CREATE OR REPLACE FUNCTION MAX_MIN ( orderkey IN NUMBER )
RETURN NUMBER IS max_value NUMBER(12); min_value NUMBER(12);
BEGIN
SELECT MAX(L_QUANTITY * L_EXTENDEDPRICE)
INTO max_value
FROM LINEITEM
WHERE L_ORDERKEY = orderkey;
SELECT MIN(L_QUANTITY * L_EXTENDEDPRICE)
INTO min_value
FROM LINEITEM
WHERE L_ORDERKEY = orderkey;
RETURN max_value-min_value;
END MAX_MIN;
/
(1)
Show a sample concurrent execution of the function at READ COMMITTED level that interleaves the operations with another transaction and such that a result returned by the function is incorrect. The operations performed by another transaction are up to you.

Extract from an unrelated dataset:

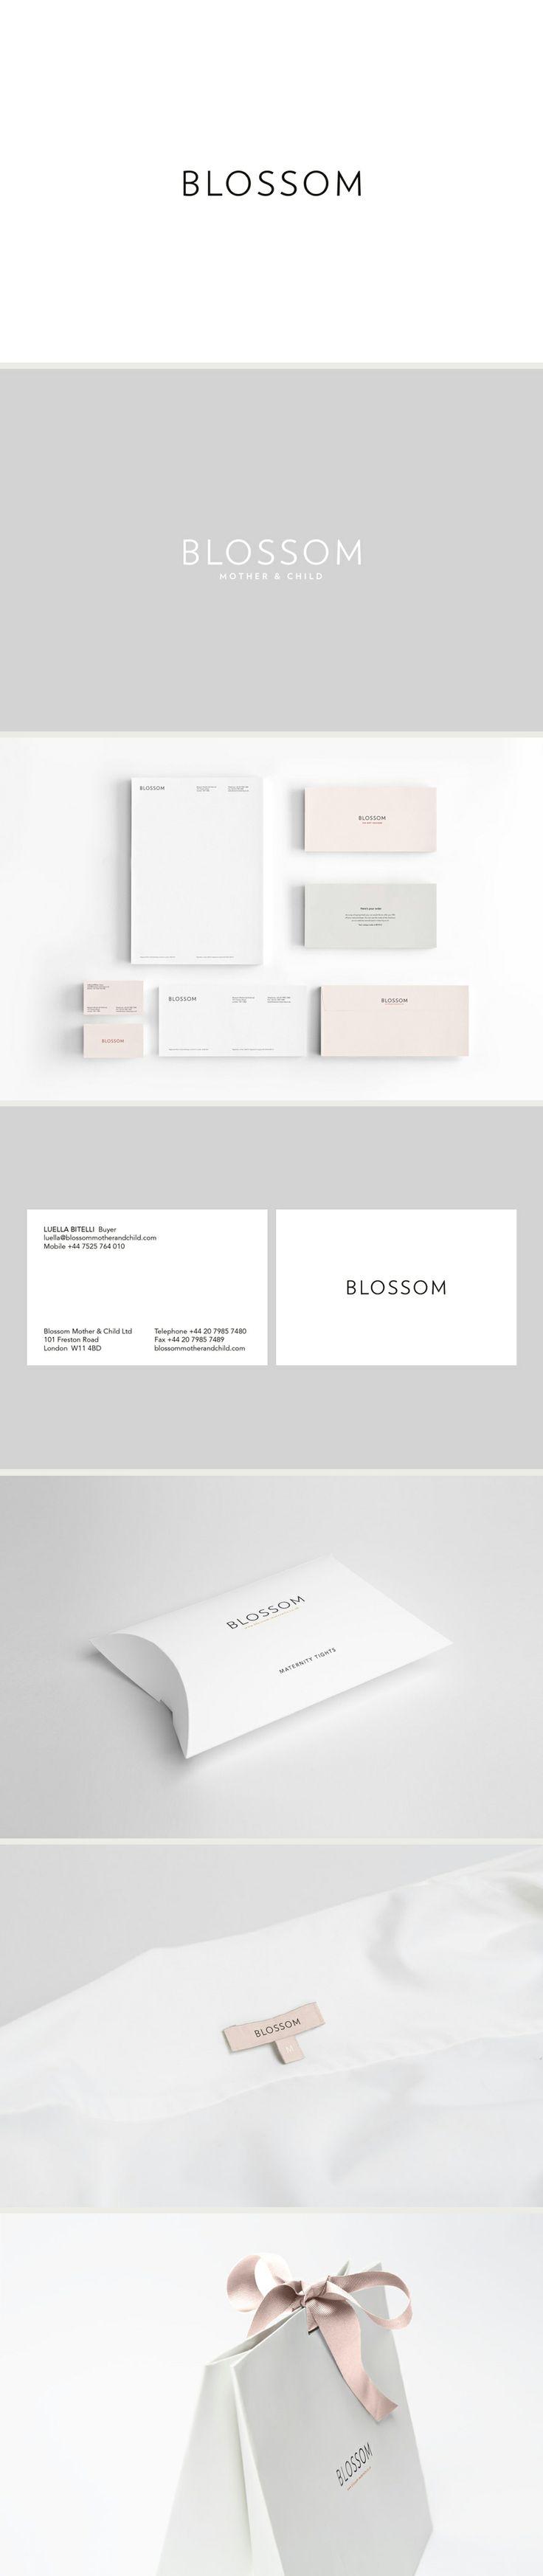 Branding / Identity / Graphic Design / Blossom Brand Identity by Reef Design

When visualizing the concurrent executions use a technique of two-dimensional diagrams presented to you during the lecture classes, for example, see a presentation 14 Transaction Processing in Oracle DBMS slide 16.
(2)
Rewrite a stored function such that it can be processed at READ COMMITTED level and show how the improved function interleaves the operations with another transaction and such that a result returned by the function is always correct.

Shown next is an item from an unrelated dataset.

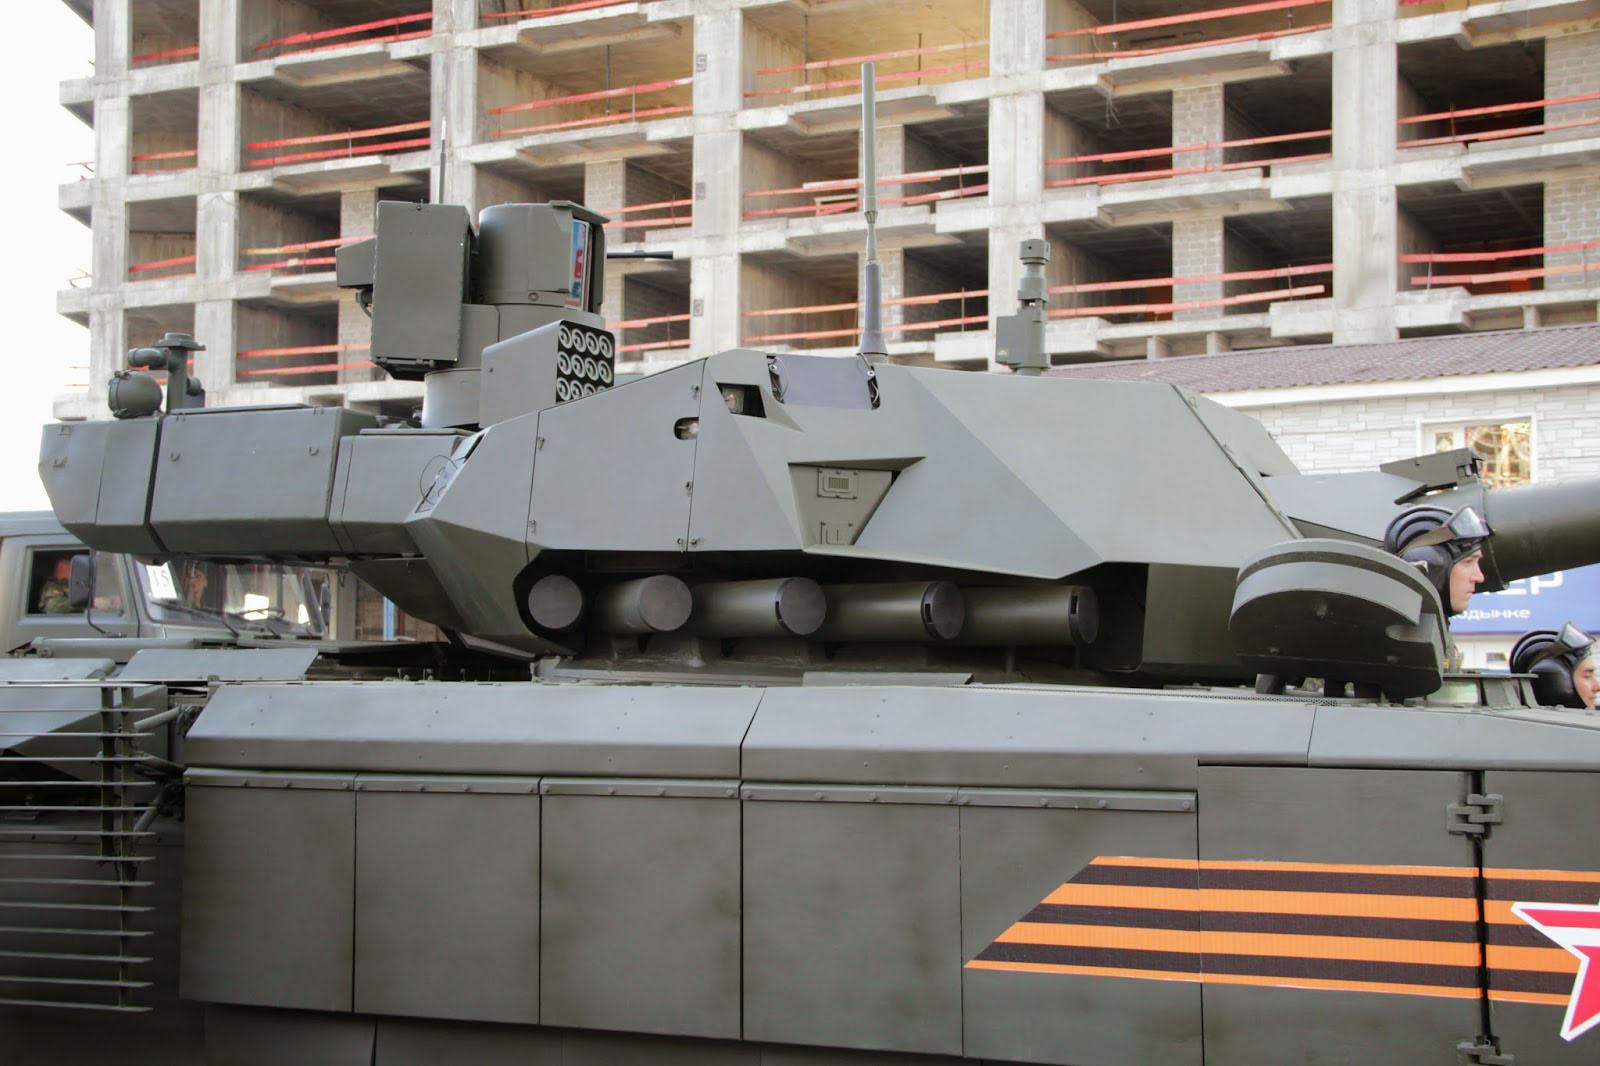 Armata: ¿el robotanque ruso? - Página 2 0_131ac6_243d4dc0_orig

When visualizing the concurrent executions use a technique of two-dimensional diagrams presented to you during the lecture classes, for example, see a presentation 14 Transaction Processing in Oracle DBMS slide 16.
Deliverables
A file solution3.pdf with:
(1) visualization of a sample concurrent execution of the function at READ COMMITTED level that interleaves the operations with another transaction and such that a result returned by the function is incorrect,
(2) visualization of a sample concurrent execution of an improved function at READ COMMITTED level that interleaves the operations with another transaction and such that a result returned by the function is always correct.
Task 4 (2 Deadlocks
Consider a stored PL/SQL function SWAP given below.
CREATE OR REPLACE PROCEDURE SWAP( order_key1 IN NUMBER, order_key2 In NUMBER ) IS
total_price1 ORDERS.O_TOTALPRICE%TYPE; total_price2 ORDERS.O_TOTALPRICE%TYPE;
BEGIN
SELECT O_TOTALPRICE
INTO total_price1
FROM ORDERS
WHERE O_ORDERKEY = order_key1;
SELECT O_TOTALPRICE
INTO total_price2
FROM ORDERS
WHERE O_ORDERKEY = order_key2;
UPDATE ORDERS
SET O_TOTALPRICE = total_price1
WHERE O_ORDERKEY = order_key2;
UPDATE ORDERS
SET O_TOTALPRICE = total_price2
WHERE O_ORDERKEY = order_key1;
END SWAP;
/
Show a sample concurrent execution of two transactions both processing a function SWAP, both running at READ COMMITTED level, and such that the execution leads to a deadlock.
When visualizing the concurrent executions use a technique of two-dimensional diagrams presented to you during the lecture classes, for example, see a presentation 14 Transaction Processing in Oracle DBMS slide 16.
Deliverables
A file solution4.pdf with visualization of a sample concurrent execution of two transactions both processing a function SWAP, both running at READ COMMITTED level, and such that the execution leads to a deadlock.